Preguntas, dudas reservas; voces a favor y en contra sobre la medida adoptada por el Jockey Club y que genera diferentes apreciaciones

La decisión por parte del Jockey Club de los Estados Unidos para que los padrillos nacidos a partir de la temporada 2020 no puedan servir más de 140 yeguas por temporada provocó una avalancha de comentarios a favor y en contra, y también dudas sobre si la norma es justa y saludable.

Claiborne Farm es una de las cabañas más tradicionales en el Norte, y en nada puede asombrar que Walker Hancock, Presidente del histórico haras, se mostrara en el grupo de los satisfechos ante la novedad: “Creo que es grandioso para la sustentabilidad de nuestra industria hacia el futuro. Eso le dará a muchos más caballos la posibilidad de de convertirse en reproductores, además de que creo que nivelará la cancha para aquellos padrillos intermedios que no consiguen tener sus libros llenos.Además, aumentará la diversificación genética al pool ya existente. Es un triunfo para nuestra industria”, contó a TDN.

El prestigioso medio recurrió también a la palabra de Anthony Beck, CEO de Gainesway Farm y donde reside nada menos que Tapit (Pulpit), uno de los mejores padrillos del mundo. Al respecto, opinó: “El Jockey Club está actuando dentro de sus derechos y en su jurisdicción en la implementación de esta regla, y hará felices a algunas personas y a otras no. Los tamaños de los ‘books’ son mucho más grande de lo que eran hace 10 años. No se si yo estaré feliz o no… Hace unos días envié una madre a un caballo reconocido y fue servida a las 9 de la noche. Estaba obviamente muy ocupado.

John Sikura, Presidente de Hill’n’Dale Farms ofreció otro punto de vista al decir que “Vas a tener dos niveles de reproductores. Tendrás el grupo que actualmente existe y que debe trabajar bajo reglas que no son reglas. Y tendrás otros padrillos compitiendo contra ellos abajo las restricciones que se imponen sobre ellos. Así, aquellos que quieran seguir sirviendo grandes libros de yeguas lo podrán hacer por los próximos 15 años.
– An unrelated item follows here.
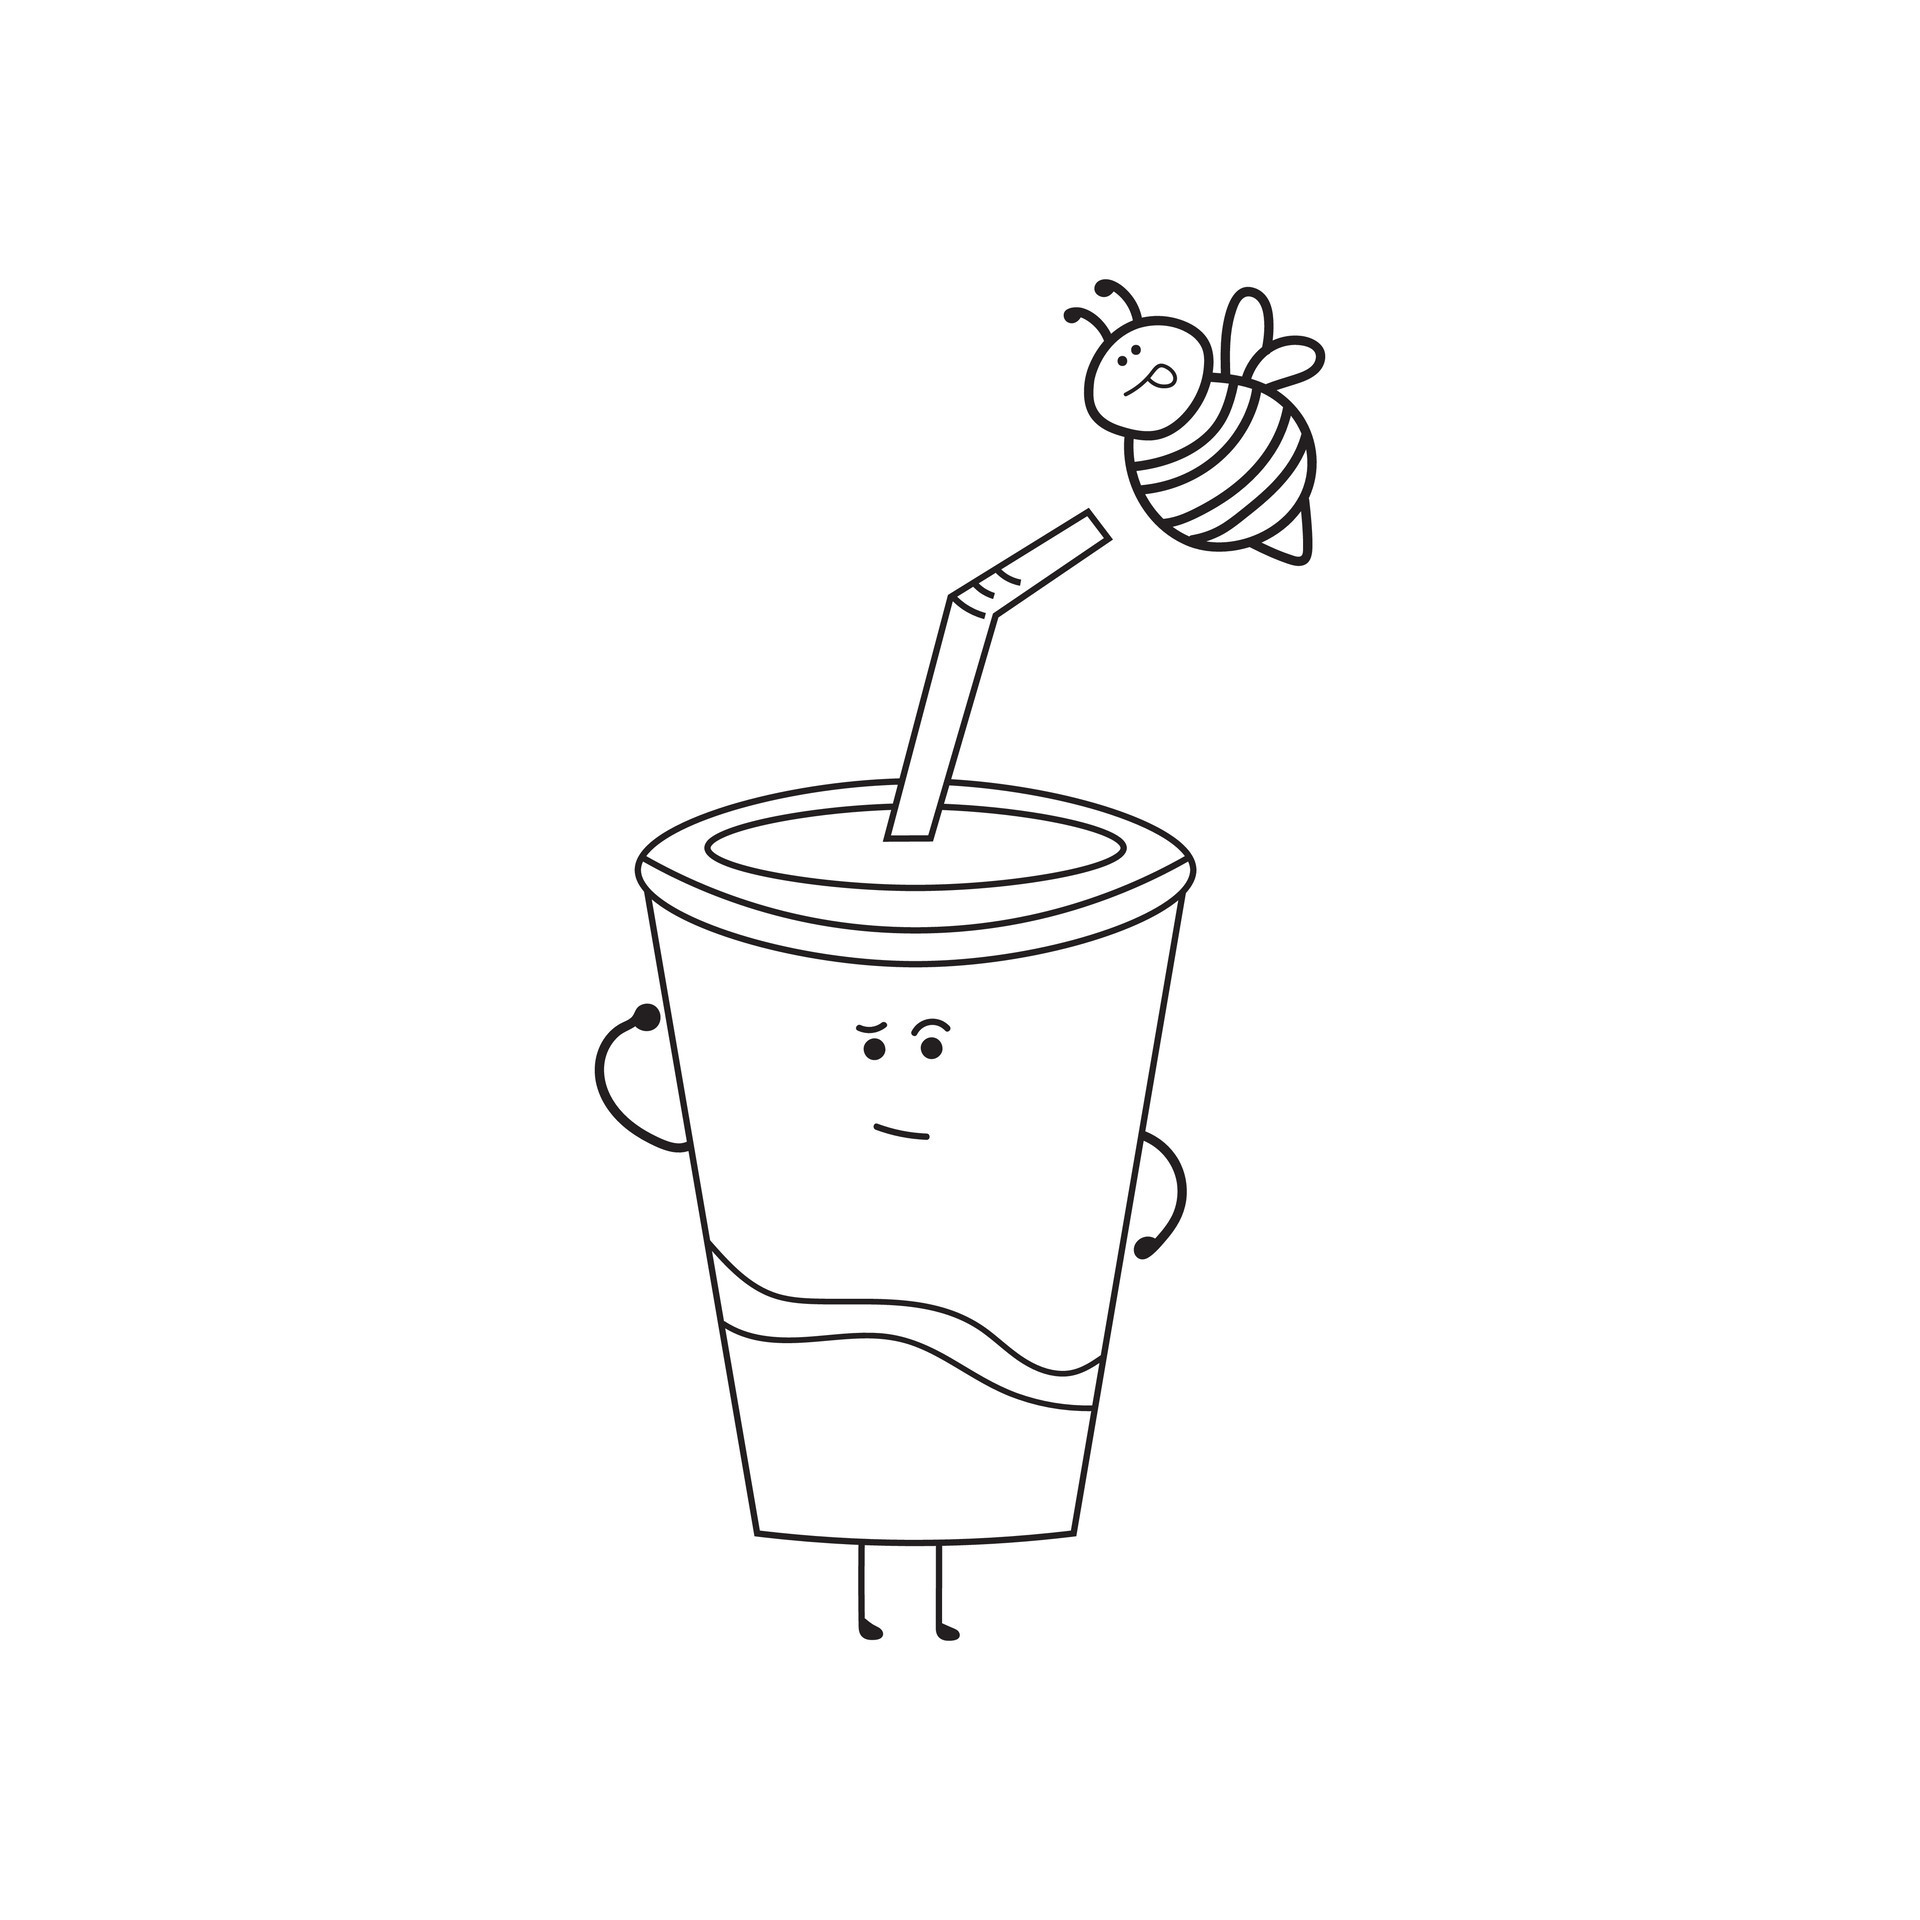 https://static.vecteezy.com/system/resources/previews/025/434/780/original/hand-drawn-illustration-graphic-kids-drawing-style-funny-cute-red-cup-drink-with-little-bee-perched-on-its-straw-in-a-cartoon-style-vector.jpg

Mi mayor preocupación es los dos formatos de reglas y que sean definidas sólo por año de nacimiento. Aquellos que podrán presentar más reproductoras a sus caballos tendrán una ventaja competitiva. Entiendo las preocupaciones y que algunos de ellos son válidos, pero realmente no se si esta es la mejor manera de avanzar; no entiendo cómo se podrá discutir trabajar bajo dos reglas diferentes”.

TDN recurrió también a Bill Farish, Presidente de Lane’s End, que si bien siempre se mostró a favor de los cambios reglamentarios, expuso algunas reservas: “Estoy feliz con al decisión que tomó el Jockey Club y que hayan dado el paso, pues será grandioso para la industria, pero desearía que se hubiera sido más agresivo en la línea de tiempo que hoy hay. Tomará un largo tiempo que esto tenga efecto, y no creo que vaya a cambiar las cosas para nosotros. Lo haría si tuviéramos una línea en la arena; hace que las decisiones sean fáciles para nosotros con algunos de nuestros padrillos.

De acuerdo al Jockey Club y su reporte de yeguas servidas en 2019, son 43 los reproductores que tuvieron más de 100 madres en sus libros, lista que encabezaron el triplecoronado Justify (Scat Daddy) (252) (foto) y Mendelssohn (Scat Daddy) (252). En total, 8 fueron los caballos cuyos books tuvieron 200 o más vientres, cinco de ellos propiedad de Ashford y 3 de Spendthrift. Ned Toffey, General Manager de esta última cabaña, contestó a TDN que no tenía comentarios para hacer con respecto a la noticia.